Остаток ночи я проплакала, свернувшись калачиком на диване и уткнувшись носом в подушку, все еще хранящую запах моего исчезнувшего навсегда квартиранта. Когда над городом взошли первые лучи солнца, я поднялась, насухо вытерла глаза и вернулась в мою постель. Я не хотела посвящать в то, что случилось ночью, ни одну живую душу, и уж тем более Дмитрия. Да и что, собственно, случилось? Ничего особенного. Просто я наконец поняла, что такое любовь. Сильная, страстная, неожиданно вспыхивающая, несмотря на все преграды, и сметающая все на своем пути. Обидно только, что поняла я это, как всегда, слишком поздно.
Воротынец встретил нас ливнем. С трудом найдя среди кучи одинаковых темных пятиэтажек родовое гнездо семьи Кротовых, мы, насквозь промокшие, подошли к двери их квартиры. Надо признать, Кротовы встретили нас на редкость гостеприимно. Входная дверь была не просто распахнута, она стояла прислоненной к стене на лестничной клетке, а из комнат неслась разухабистая песня о Стеньке Разине и его несчастной княжне. Запах самогона прямо с порога ударял в нос и кружил голову. Я с опаской остановилась в прихожей, не решаясь следовать дальше. Дмитрий, отодвинув меня, решительным шагом направился в сторону кухни, откуда и раздавалось пение. Я неуверенно засеменила следом, оглядываясь по сторонам. По пути отметила, что квартира не имеет запущенного вида, свойственного обиталищам алкоголиков. Обои, мебель выглядели вполне пристойно. Видимо, здесь просто давно не убирались.
Распахнув дверь кухни, мы удостоились необыкновенного зрелища.
Четыре табуретки и стул украшали собой фигуры в стельку пьяных людей. Две особи женского пола и три мужские самозабвенно горланили сагу о судьбе несчастной княжны, сброшенной мужланом Разиным в пучину волн.
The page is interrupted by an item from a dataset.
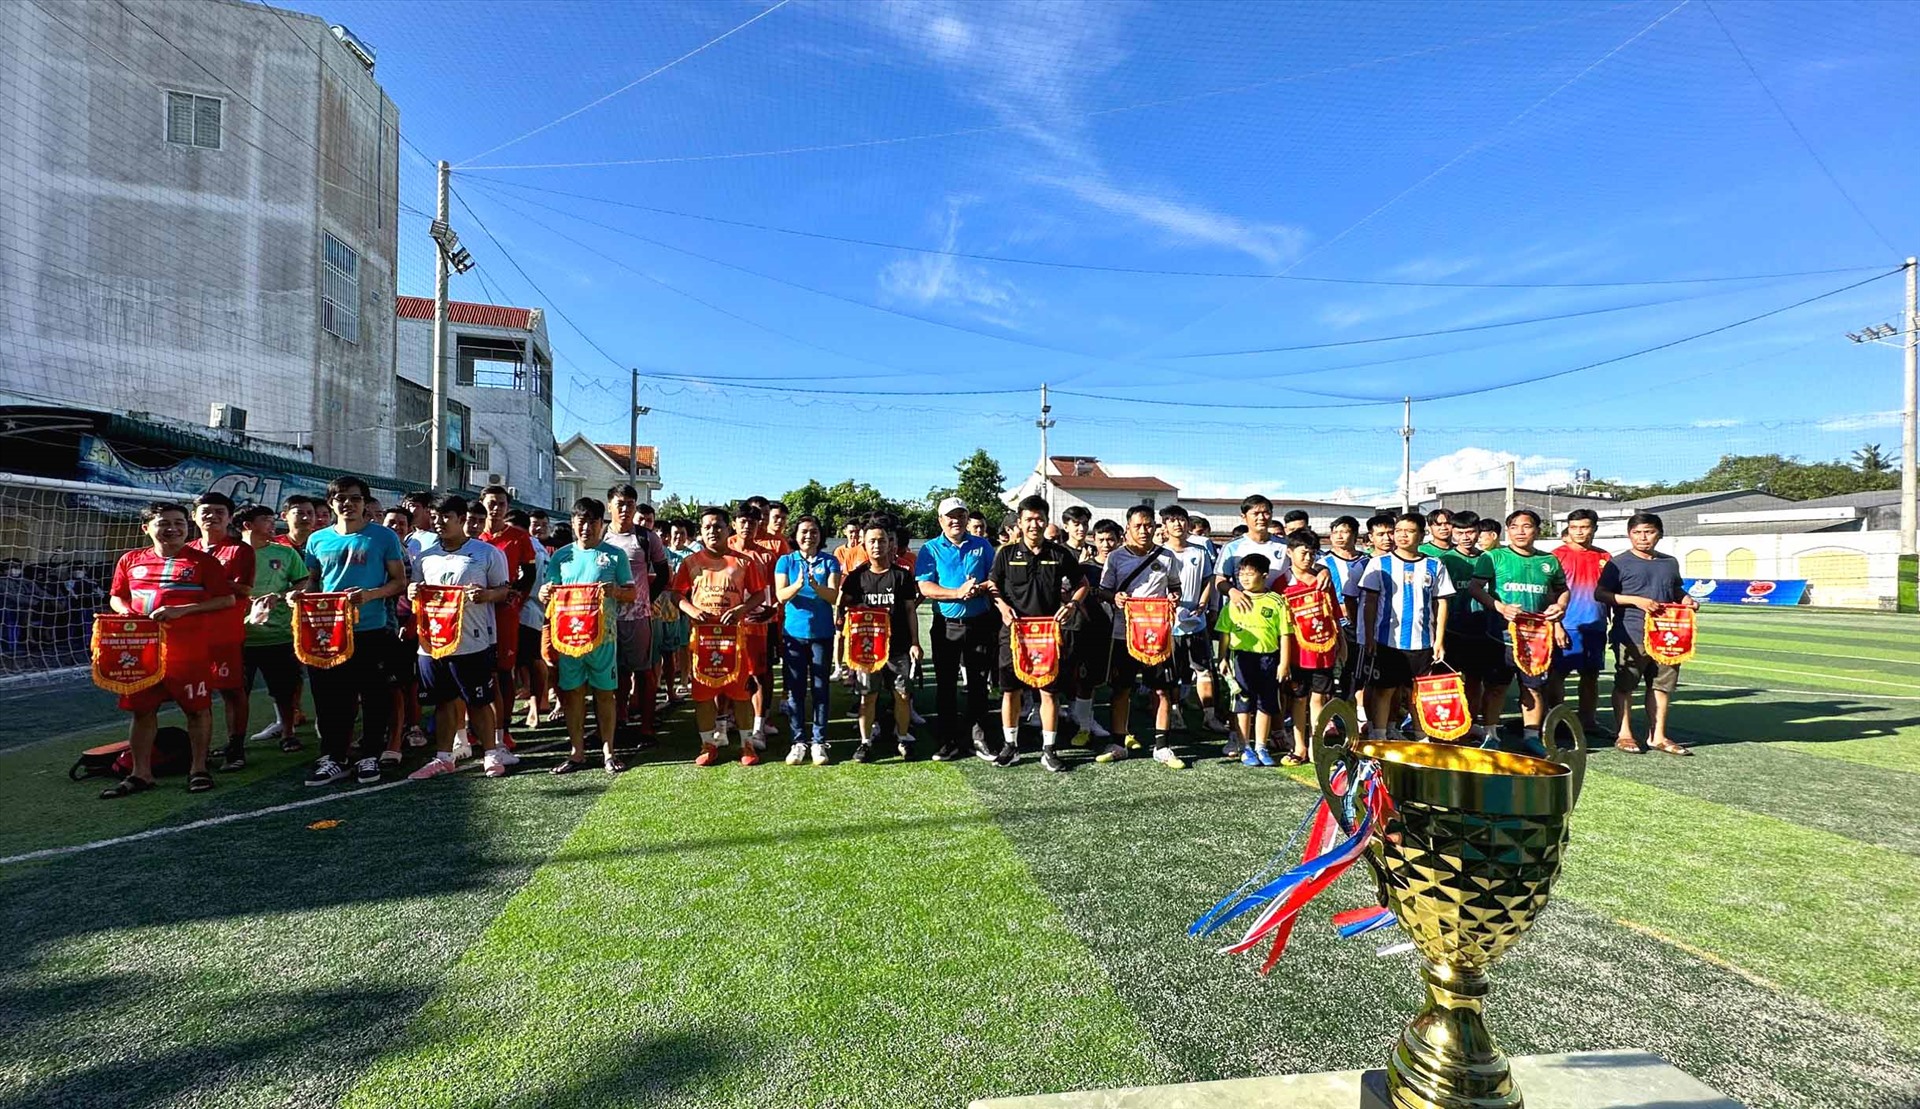 Có 14 đội bóng tham gia tranh tài Giải bóng đá chào mừng 94 năm Ngày thành lập Công đoàn Việt Nam. Ảnh: Thanh Nhàn

Двух мужиков эта история, по-видимому, особенно сильно зацепила за душу. Они обнялись и рыдали в голос. Один из них постоянно сморкался в рукав, другой утирал слезы соленым огурцом. Третий алкоголик пел тихо, почти про себя, склонив буйную голову. Хор он поддерживал, систематически ударяя кулаком по столешнице. Стаканы и бутылки при этом жалобно звякали. Дамы поражали низкими голосами и своеобразной элегантностью. Ноги одной из них украшали стоптанные мужские ботинки и черные носки. Другая же, одетая вполне традиционно, привлекала взгляд двумя или тремя отсутствующими зубами и огромным лиловым фонарем под левым глазом. Компания так увлеклась пением, что не обратила на нас ровным счетом никакого внимания.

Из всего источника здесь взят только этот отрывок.